Все чаще и чаще в народе начинали поговаривать о королеве-мученице, заживо похороненной в монастыре Сизуин в Турнэ. Теперь уже не ее называли ведьмой: «Когда во Францию приехала датская принцесса, в стране была красота и изобилие, а вот когда король женился на этой рыжей ведьме – похотливой самозванке Агнесс…» Кривотолкам не было ни конца ни края.
Никогда еще до этого столько прихожан не наполняло церкви, как в дни великого холода. Каждый считал своим долгом просить Господа защитить несчастную Францию. Желая победить холод молитвами и покаянием, устраивались крестные ходы. Из храмов изымались мощи святых, их проносили по всему городу, пытаясь обратить внимание творца на страдание его детей. Мощи святой Женевьевы, особенно почитаемой парижанами, несколько раз проносили по всем мостам Парижа с песнопениями, за святыней шли простолюдины, многие из которых, каясь в грехах, стегали себя бичами.
В 1195 году во время весеннего половодья в городе Осере приключилось страшное наводнение. Вода начисто смела две рыбацкие деревеньки и разрушила почти все деревянные постройки в городе, не пощадив даже донжон местного барона. Огромная и, как казалось, неприступная, башня рухнула точно поверженный великан, унеся жизни хозяйки замка, двоих ее маленьких детей и более двух десятков слуг.
Через год новое наводнение обрушилось на весенний Париж, где были снесены два каменных моста, размыто кладбище и разрушены почти все деревянные постройки. Дошло до того, что самому королю с его многочисленной свитой пришлось спешно покидать столицу, спасаясь от яростной стихии на горе Святой Женевьевы.
Наконец, в послании к епископу Парижскому папа Целестин III откровенно назвал постигшие Францию несчастия гневом Божьим, обрушившемся на страну, король которой совершил страшное преступление, заточив в монастыре подлинную королеву и откровенно живя с любовницей. Папа полагал, что Господь в своей милости, возможно, еще сжалится над Страной лилий, если Филипп Август прекратит упорствовать, отталкивая свою законную жену – Энгебургу Датскую.
Ураганы, наводнения и проливные дожди, идущие в среднем по сорок дней, что не могло не вызвать страха у верующих, порождали недород. Голод косил целые провинции, и чтобы хоть как-то выжить, люди уходили в разбойники. И если в городах правители еще могли как-то уберечь жизни и имущество людей, то за пределами крепостных стен творилось полнейшее беззаконие. Разбойники собирались в шайки, внушающие ужас, и выжигали целые деревни, хватая все что попадалось под руку, насилуя, убивая и уводя в плен.
Участились грабежи монастырей и храмов, так как золотая и серебряная церковная утварь неизменно привлекала разбойников, надеющихся хоть таким образом выжить. Монахи и приходские священники жаловались своим епископам, а те в свою очередь обрушивали с аналоев анафемы на виновных:
– Да будут прокляты презренные воры, живущие и умирающие; стоящие, лежащие и сидящие; вкушающие пищу и пьющие любые напитки! Да будут прокляты расхитители церквей и убийцы мирных монахов – в полях, лесах, лугах, пастбищах, горах, равнинах, деревнях и городах! – Считалось, что проклятие достигало грабителей именно в момент произнесения этой формулы, потому священники перечисляли весь возможный перечень мест, где могли находиться преступники. – Пускай их жизнь будет краткой, а имущество разграбленным! Пусть неизлечимый паралич поразит их глаза, чело, бороду, глотку, язык, рот, шею, грудь, легкие, уши, ноздри, плечи, руки и чресла! Да будут они подобны страдающим от жажды оленям, преследуемым врагами! Да станут их сыновья сиротами, а жены обезумевшими вдовами! [11]

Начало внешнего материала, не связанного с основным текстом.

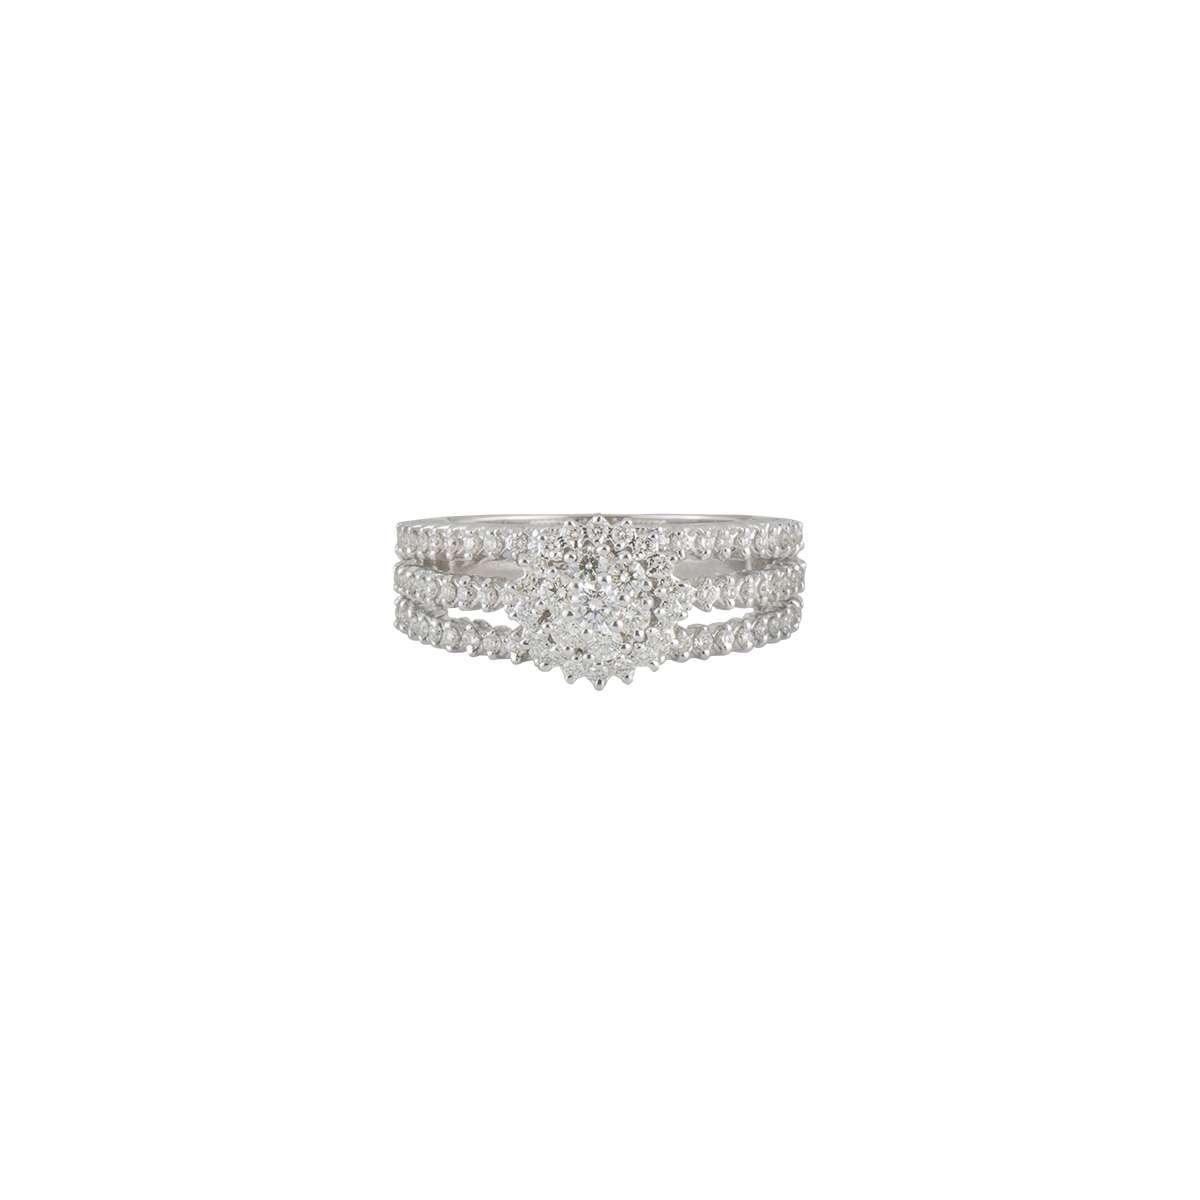 18k White Gold Diamond Ring 1.27ct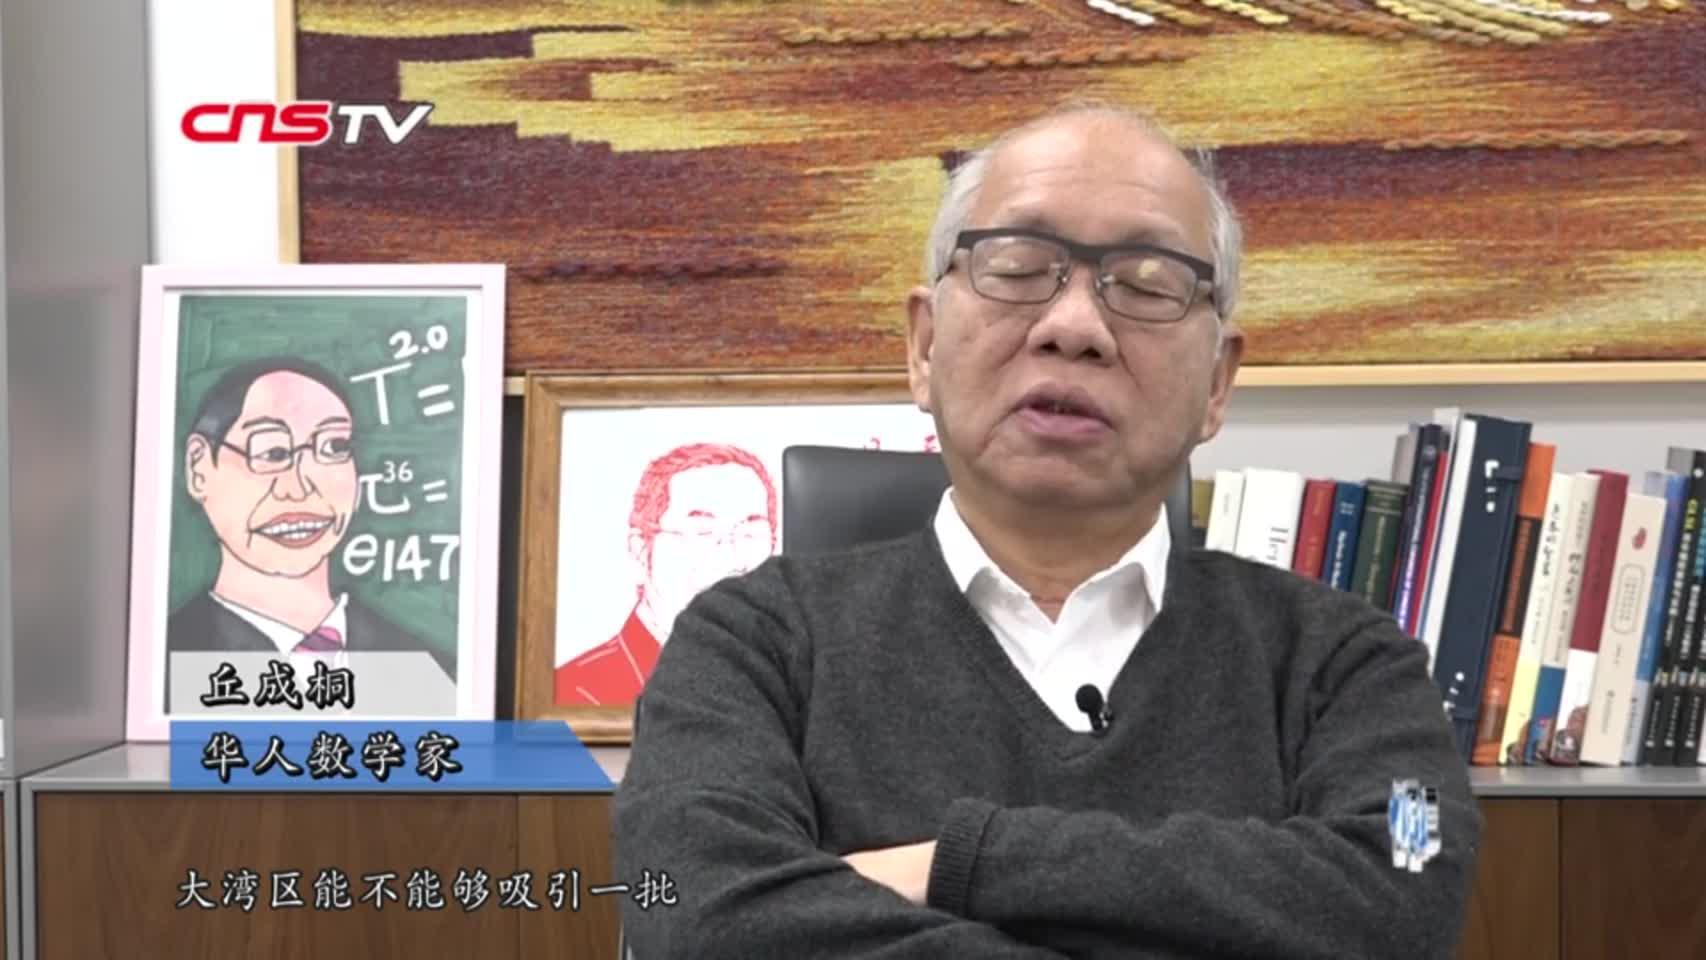 华人数学家丘成桐:粤港澳大湾区为华侨华人创造新机遇

Ответом стали нападения на монастыри, где сорвиголовы отбирали самых молодых и крепких монахов, сковывали их по рукам и ногам и, нещадно избивая по дороге, гнали для продажи в рабство. Всю дорогу несчастные услаждали песнопениями своих новых хозяев, пока не прибывали в места, где уже поджидали перекупщики рабов. На невольничьих рынках монахи неизменно шли по восемнадцать су, так как людей на продажу было много, а кормить их и охранять никто долго не собирался. Непроданных же пускали на мишени для тренировки новичков.
Монашек насиловали и также продавали за малые деньги в обозные шлюхи и в самые дешевые веселые дома. Цена на них колебалась – от одной кружки кислого вина до полбочонка за штуку, иногда удавалось выручить и приличные деньги.
Врываясь в монастыри, разбойники забавлялись катанием на колоколах и осквернением алтарей, которые превращали в ложа разврата или отхожие места. Их шлюхи одевались в дорогую церковную одежду, мастеря себе из алтарных покровов роскошные плащи. Разодевшись таким образом, они устраивали дьявольские мессы, где самой невинной забавой было метание в распятого священника топоров на меткость, или надругательство над монашками, которых перед тем, раздев донага, заставляли танцевать прямо в церкви.
Анафемы не приносили ощутимой пользы, и если где-нибудь в стычке удавалось заколоть главаря разбойников и перевешать часть его людей, то на их место тотчас же вставали другие – еще ужаснее и свирепее. Причем слава некоторых из них затмевала славу доблестных рыцарей, так что желающие защитить свои земли и имущество от посягательств орудующих в тех краях шаек были вынуждены брать к себе на службу тоже разбойников, за хорошую плату охранявших вверенные им деревни, монастыри, крепости и церковные приходы. В свободное от службы время такие «защитники» нападали на соседние владения, жгли и бесчинствовали, скрываясь в случае опасности за стенами охраняемых ими поселений.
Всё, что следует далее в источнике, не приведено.